Anvi’o visualisations for refinement of Eukaryotic MAGs
toolsIn the coming months we will be expanding MGnify Genomes to include Eukaryotic genomes. Take an early look at our plans to enable users to explore Eukaryotic genomes using Anvi’o.
Eukaryotic metagenome-assembled genome (MAG) generation relies on assemblies of metagenomic data, typically performed by metaSPAdes (Nurk et al. (2017)) or MEGAHIT (Li et al. (2015)).

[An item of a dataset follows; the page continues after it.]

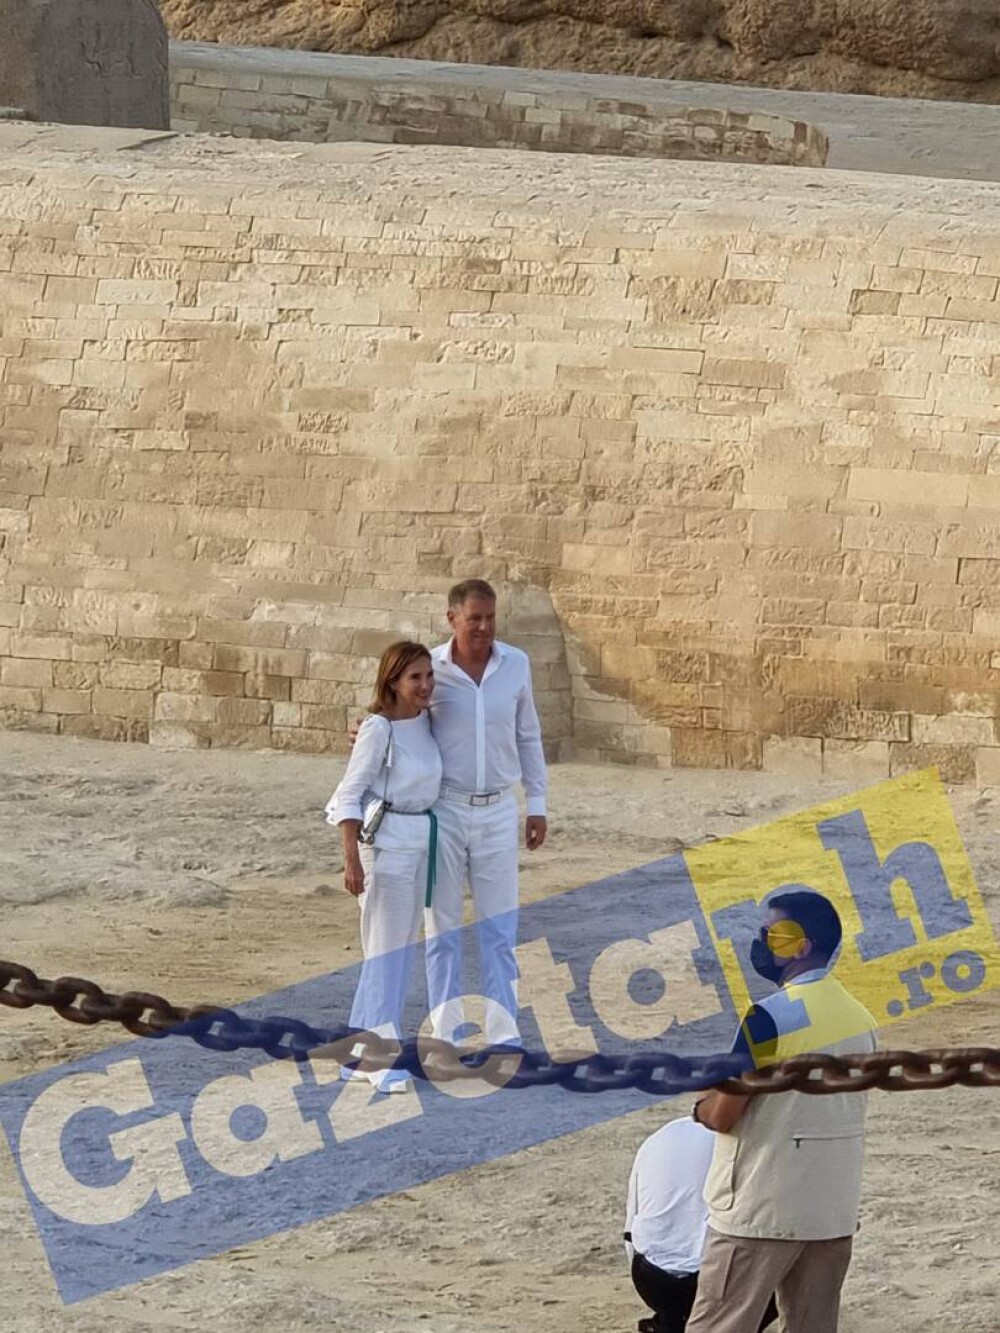 Klaus Iohannis și soția sa, în vizită la piramide în Egipt. FOTO - Imaginea 1

These tools are not biased toward specific organisms, however compared to prokaryotes, eukaryotic genomes are large, have more compositional variation and contain more repetitive regions, meaning they are complex to both assemble (with many fragments) and to generate MAGs. For example, during binning we have found that a single eukaryotic genome can be split across two MAG bins. To alleviate some of these challenges, EukCC2 (Saary et al. (2022)) contains a bin-merging functionality that connects bins from the same taxa, using measures of genome completeness and having paired-end reads connecting the two bins to validate merging. Others have used co-assembly and co-binning of multiple samples to overcome this problem (Delmont et al. (2022)), but related samples are not always available, hence MGnify has adopted single-sample approaches. Nevertheless, the challenges posed by eukaryotic MAG generation afford the need for users to inspect the quality of our automatically generated eukaryotic MAGs.
As part of the BlueRemediomics project, we have been investigating how to leverage the Anvi’o (Eren et al. (2021)) interactive interface for visualising genomes and their derived sample composition. Here, we share our prototype of Anvi’o visualisations of MGnify-generated eukaryotic MAGs. The eukaryotic MAGs were generated for the same datasets used in the Marine v2.0 prokaryotic genome catalogue. Here the MAGs were generated for each study in the dataset, on a sample by sample basis. Subsequently, all the MAGs were de-replicated together to remove redundancy, resulting in 12 species-level clusters, 8 of which comprised more than one genome. These 8 species-representative genomes were taxonomically classified into two families of green algae from the order Mamiellales. For these 8 species clusters, we mapped the read sequences pertaining to each sample that produced a genome in the species cluster, onto the species-representative genome and compiled them into Anvi’o profiles.
Figure 1. Hierarchical clustering of sample reads mapped to contig regions in genomes visualised with Anvi’o. The images are generated from Anvi’o profiles compiled from samples which contributed to 8 genomes. Use arrows to scroll to the next image. Access the interactive version for one example genome.
Visual representation of the hierarchical clustering of contigs in a eukaryotic genome by sample composition can allow a user to identify contigs which map uniquely to a subset of samples - indicating potentially contaminated contigs. More information on refinement can be found in the Anvi’o blogs.
The Anvi’o profiles for all 8 marine eukaryotic genomes can be found on the MGnify FTP server. To visualise them you will need to install Docker and run the commands below in the directory with the desired input genome:
docker pull meren/anvio:8
# start container
docker run --rm -it -v `pwd`:`pwd` -w `pwd` -p 8080:8080 meren/anvio:8
# in container
anvi-interactive -p ${GENOME_NAME}_MERGED/PROFILE.db -c ${GENOME_NAME}.db
This Anvi’o feature is still in development, and we welcome any feedback and suggestions on the prototypes via our MGnify helpdesk or @MGnifyDB. We aim to provide such Anvi’o eukaryotic MAG visualisations alongside eukaryotic genome catalogues.